My problems with Formal Friendly Artificial Intelligence work

I’m writing this to get information about the lesswrong community and whether it worth engaging. I’m a bit out of the loop in terms of what the LW community is like and whether it can maintain multiple view points (and how known the criticisms are).

The TL;DR is I have problems with treating computation in an overly formal fashion. The more pragmatic philosophy suggested implies (but doesn’t prove) that AI will not be as powerful as expected as the physicality of computation is important and instantiating computing in a physical fashion is expensive.

I think all the things I will talk about are interesting, but I don’t see the sufficiency of them when considering AI running in the real world in real computers.

1. Source code based decision theory

I don’t understand why:

  • other agents trust that your source code is what you say it is

  • other agents trust that your implementation of your interpreter matches their understanding of the interpreter. I don’t see how they get round trustless trust (inserting code/​behaviour via malicious compiler/​interpreter) issues when they don’t have the ability to do diverse compilation.

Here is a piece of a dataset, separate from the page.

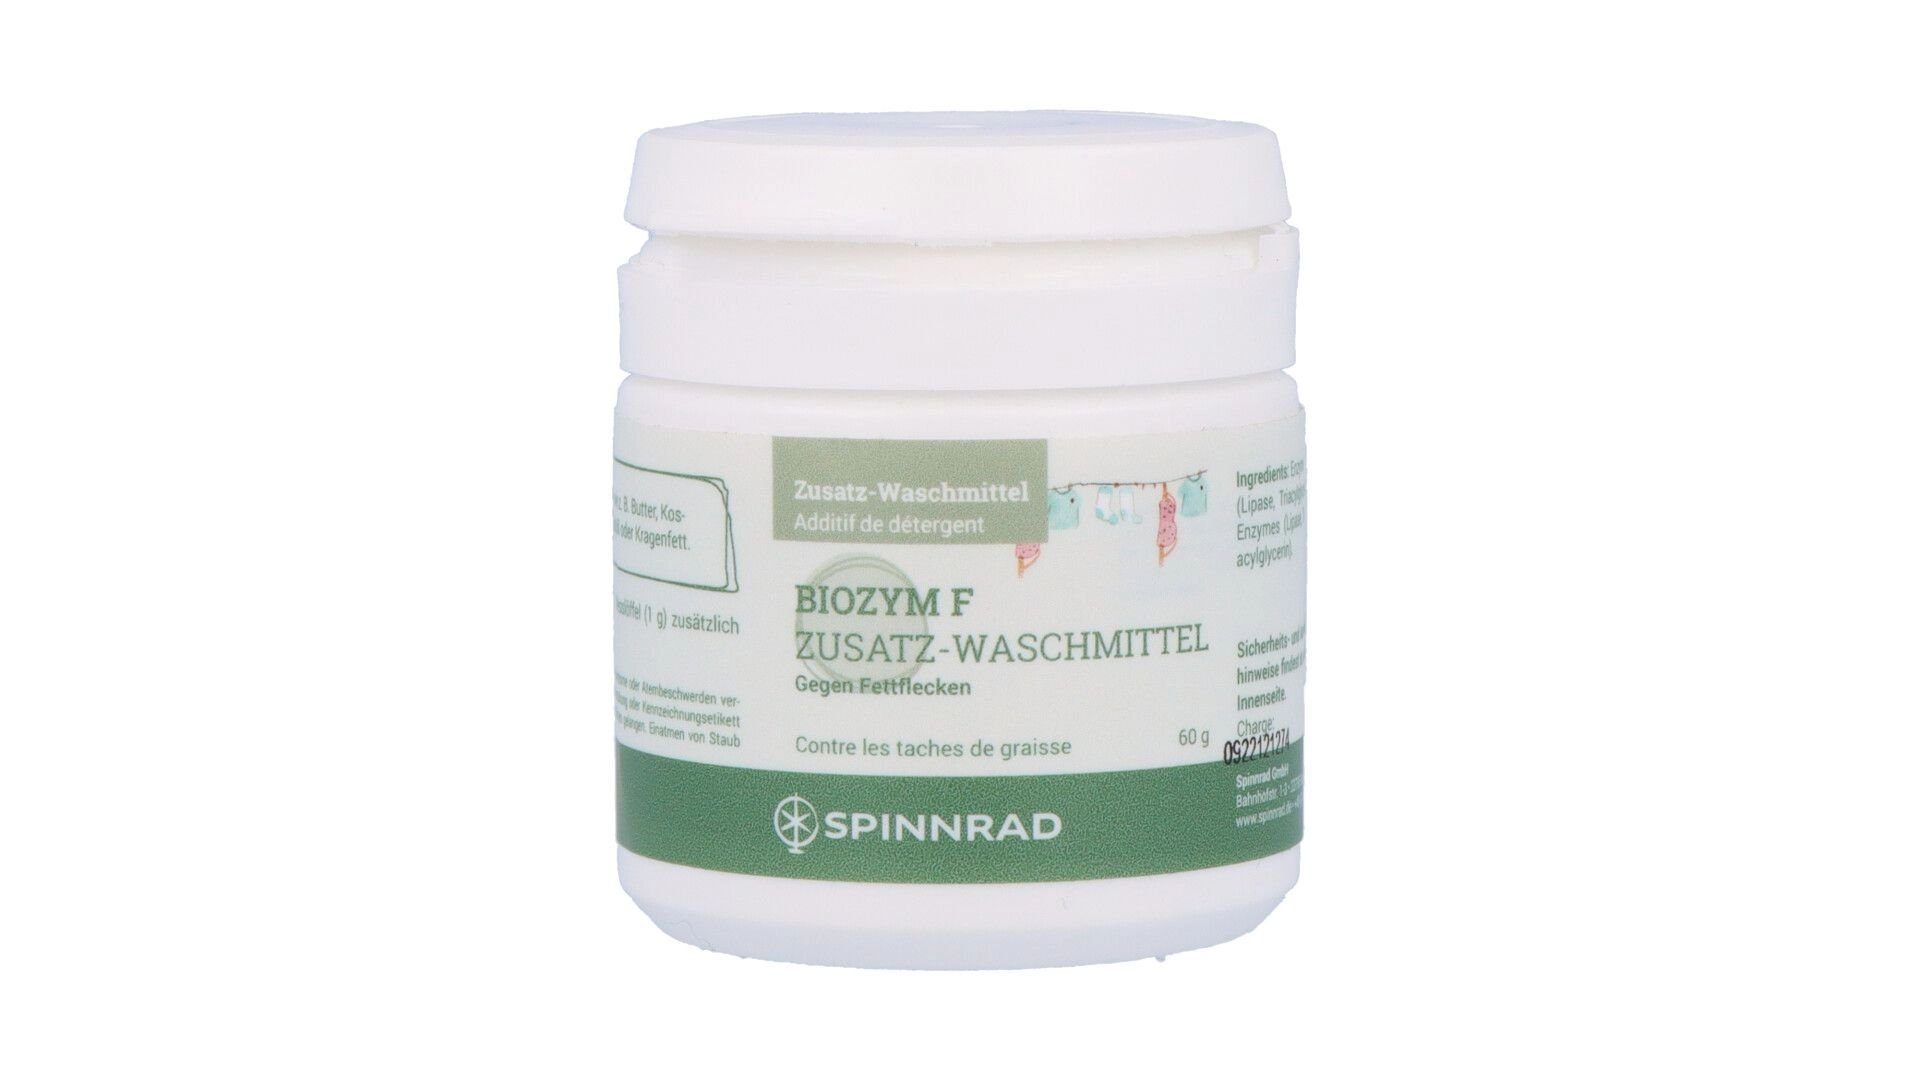 Spinnrad GmbH Biozym F - Waschenzymzusatz gegen Fettflecken 60 g Spezialwaschmittel

I understand the justification that causal decision theory is not optimal and you want something better. But it seems that whatever that better thing is has to be able to adapt to conditions. If people start baking in TDT or UDT into the core of their AIs philosophy for all eternity, they can be tricked by machines that 99% the time run the source code they purport to run as expected, but not when the fate of the galaxy decisions are being made. You need a system that can start to do hardware verification on an ad hoc basis if the problems it comes across in the environment warrant it.

2. General Functionalism

The idea that it doesn’t matter how you compute something just whether the inputs and outputs are the same.

  1. The battery life of my phone says that the way of computation is very important, is it done on the cloud and I have to power up my antennae to transmit the result.

  2. Timing attacks say that speed of the computation is important, that faster is not always better.

  3. Rowhammer says that how you layout your memory is important. Can I flip a bit of your utility calculation?

  4. Memory usage, overheating, van Eck phreaking etc etc....

Functionalism is leaky abstraction over all of physics. It is in many cases a handy abstraction but it can and will still bite you day to day.
I point these things out not because I want to abandon either of these in their entirety, just their usage in the core of our thinking about AI design. I think pragmatism make a better core as it makes less assumptions about the nature of reality, with other stuff layered on top.
I also think that an abandonment of functionalism makes AI less scary. If formal proof is insufficient for AI improvement and experimentation and exposure to the world is required to make sure there aren’t side channels or resource exhaustions neglected by the formal model, the potential top speed of improvement slows down dramatically. Functionalism collapses the world and simplifies it, if it incorrect to use in the AI field then the solution space (and navigation of it) expands hugely.